_Problem details_:
Word for word, output every line of the material below, minus pictures.

_Data excerpt_:
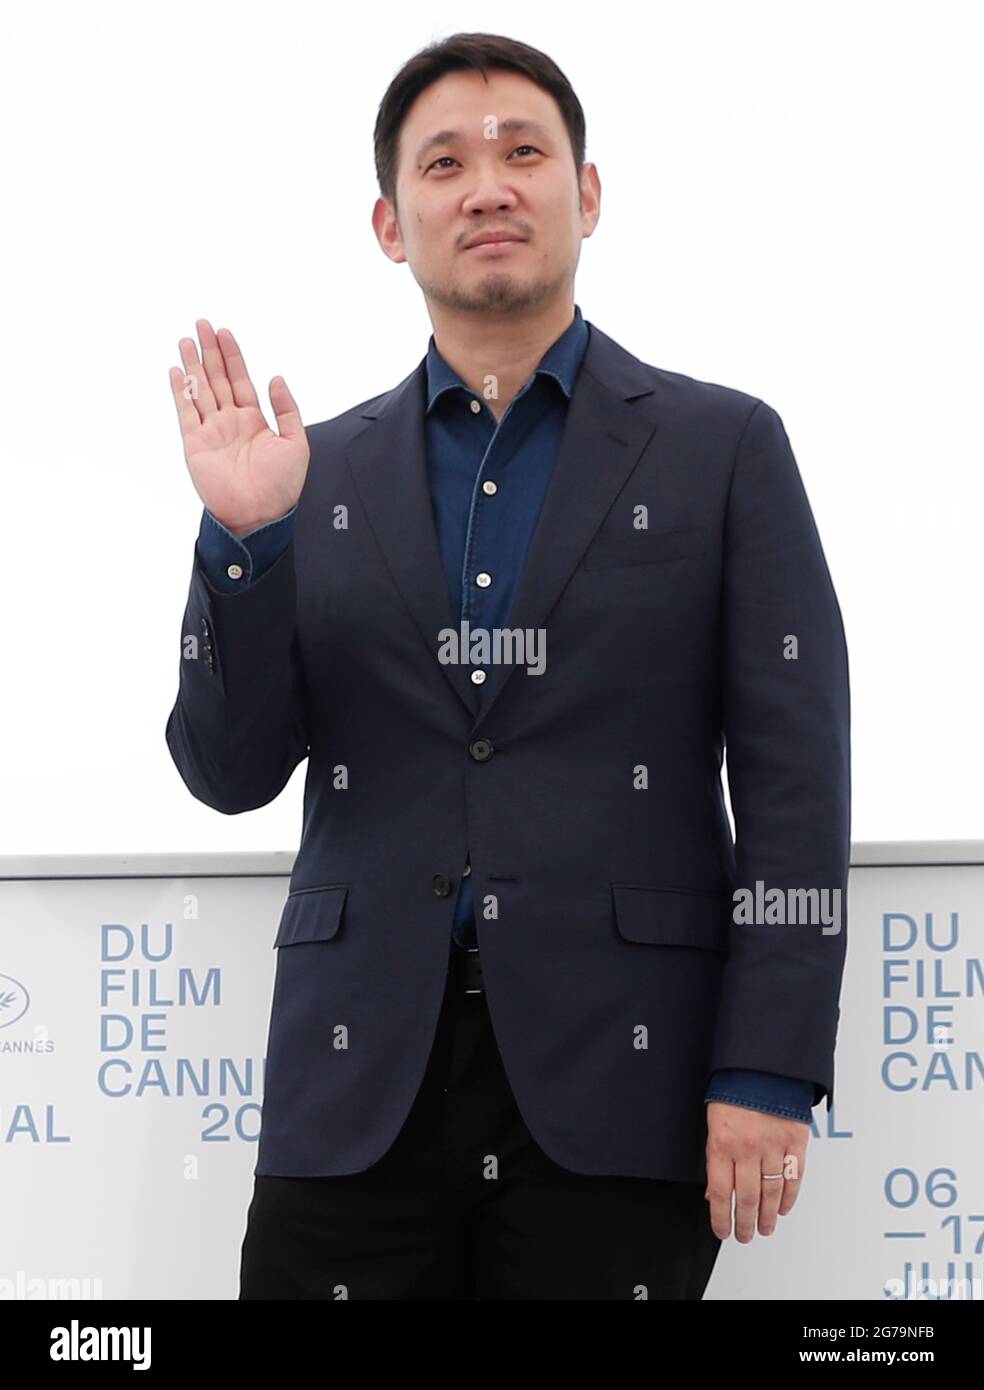 Cannes. Juli 2021. Regisseur Ruysuke Hamaguchi posiert während der Fotozelle für den Film „Drive My Car“ beim 74. Jährlichen Filmfestival in Cannes, Frankreich, am 12. Juli 2021. Quelle: Xinhua/Alamy Live News Stockfoto
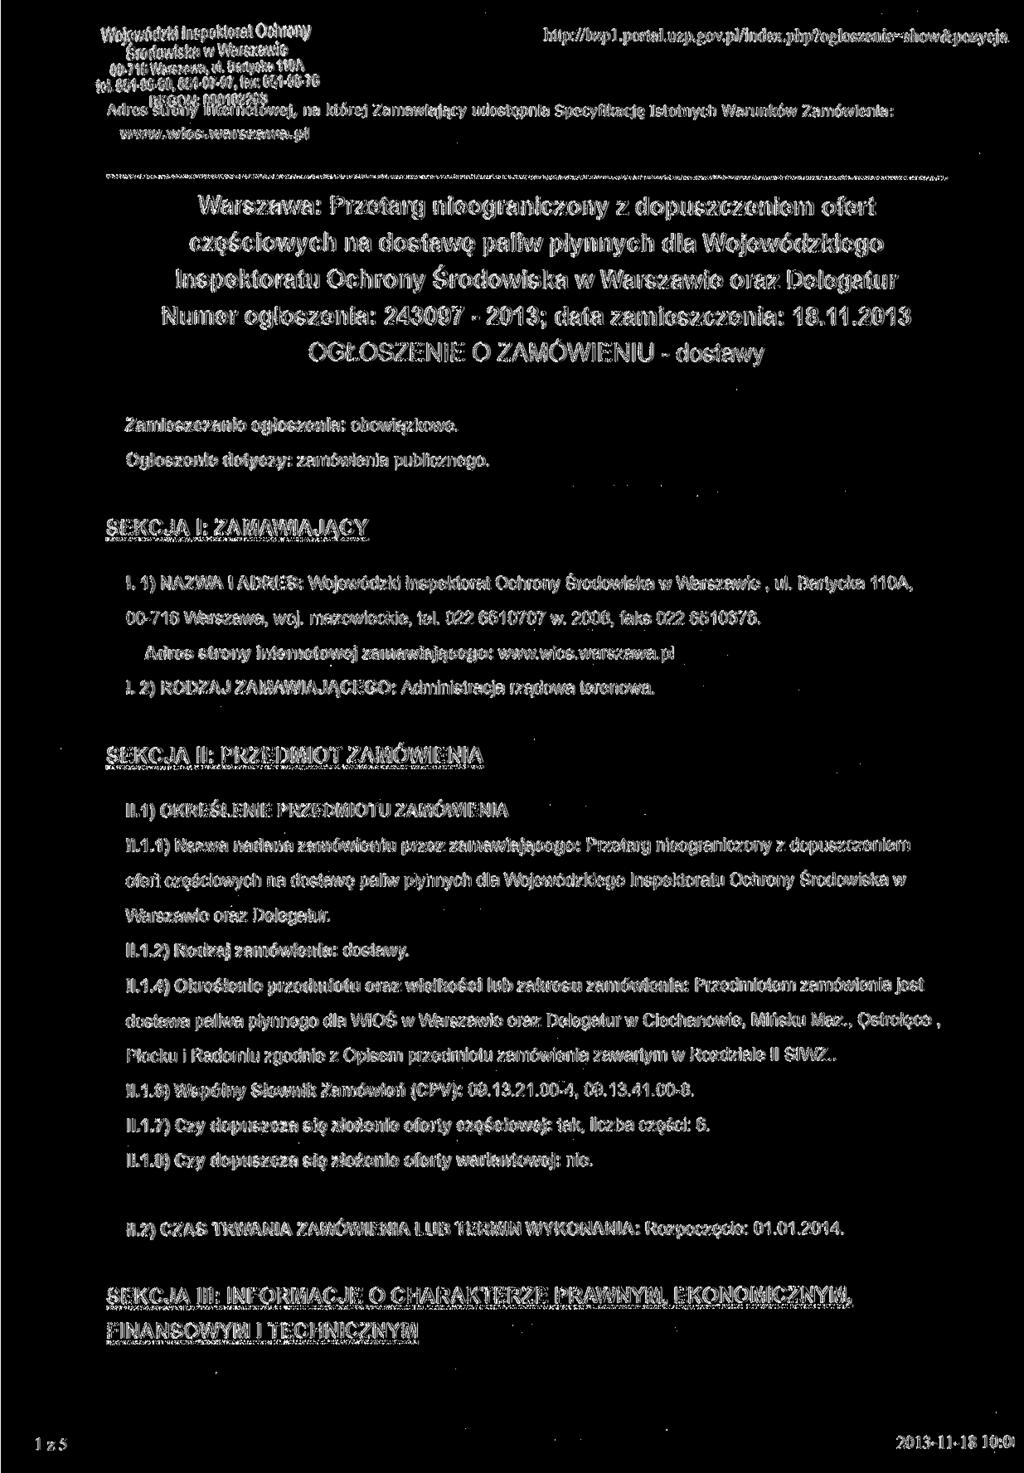 Wojewódzki Inspektorat Ochrony Środowiska w Warszawie 00-716 Warszawa, ul. Bartycka 110A teł 651-06-60,651-07-07, fax: 651-06-76 http://bzp l.portal.uzp.gov.pl/index.php?
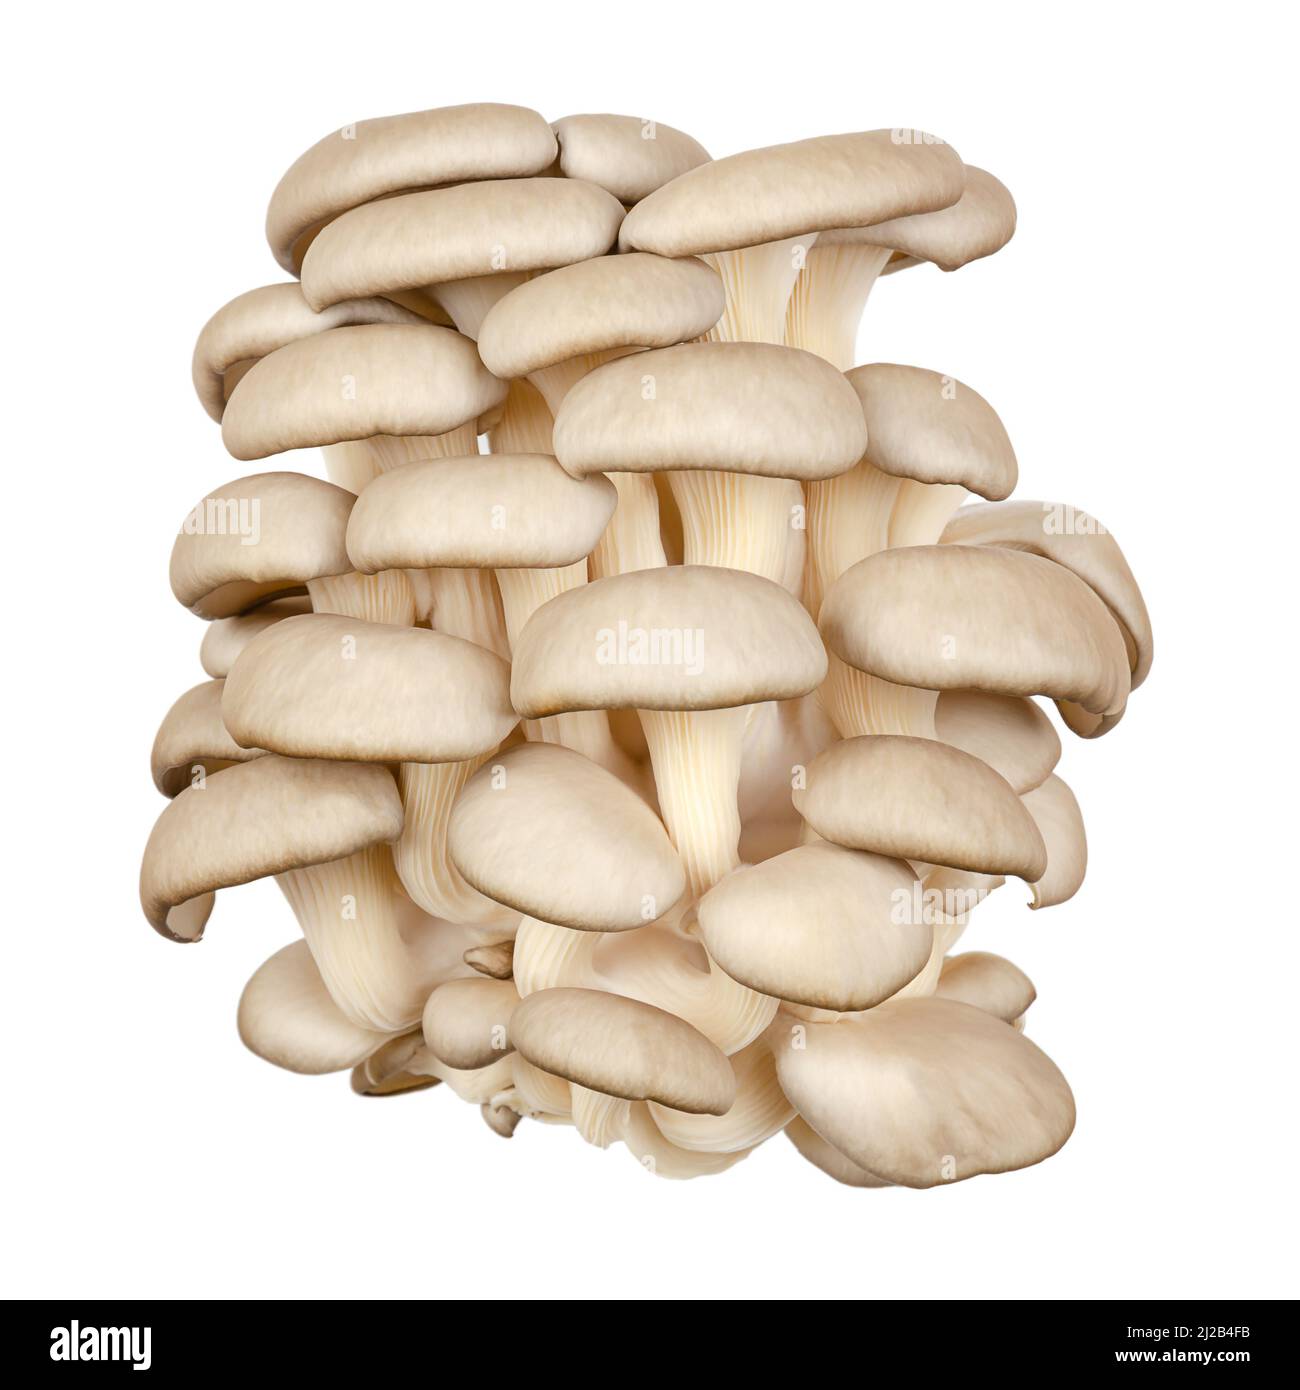 Gruppo di funghi di ostriche freschi, vista frontale. Pleurotus, noto anche come abalone o funghi di albero. Uno dei funghi più coltivati. Foto Stock

_Written response_:
 Cannes. Juli 2021. Regisseur Ruysuke Hamaguchi posiert während der Fotozelle für den Film „Drive My Car“ beim 74. Jährlichen Filmfestival in Cannes, Frankreich, am 12. Juli 2021. Quelle: Xinhua/Alamy Live News Stockfoto
 Wojewódzki Inspektorat Ochrony Środowiska w Warszawie 00-716 Warszawa, ul. Bartycka 110A teł 651-06-60,651-07-07, fax: 651-06-76 http://bzp l.portal.uzp.gov.pl/index.php?
 Gruppo di funghi di ostriche freschi, vista frontale. Pleurotus, noto anche come abalone o funghi di albero. Uno dei funghi più coltivati. Foto Stock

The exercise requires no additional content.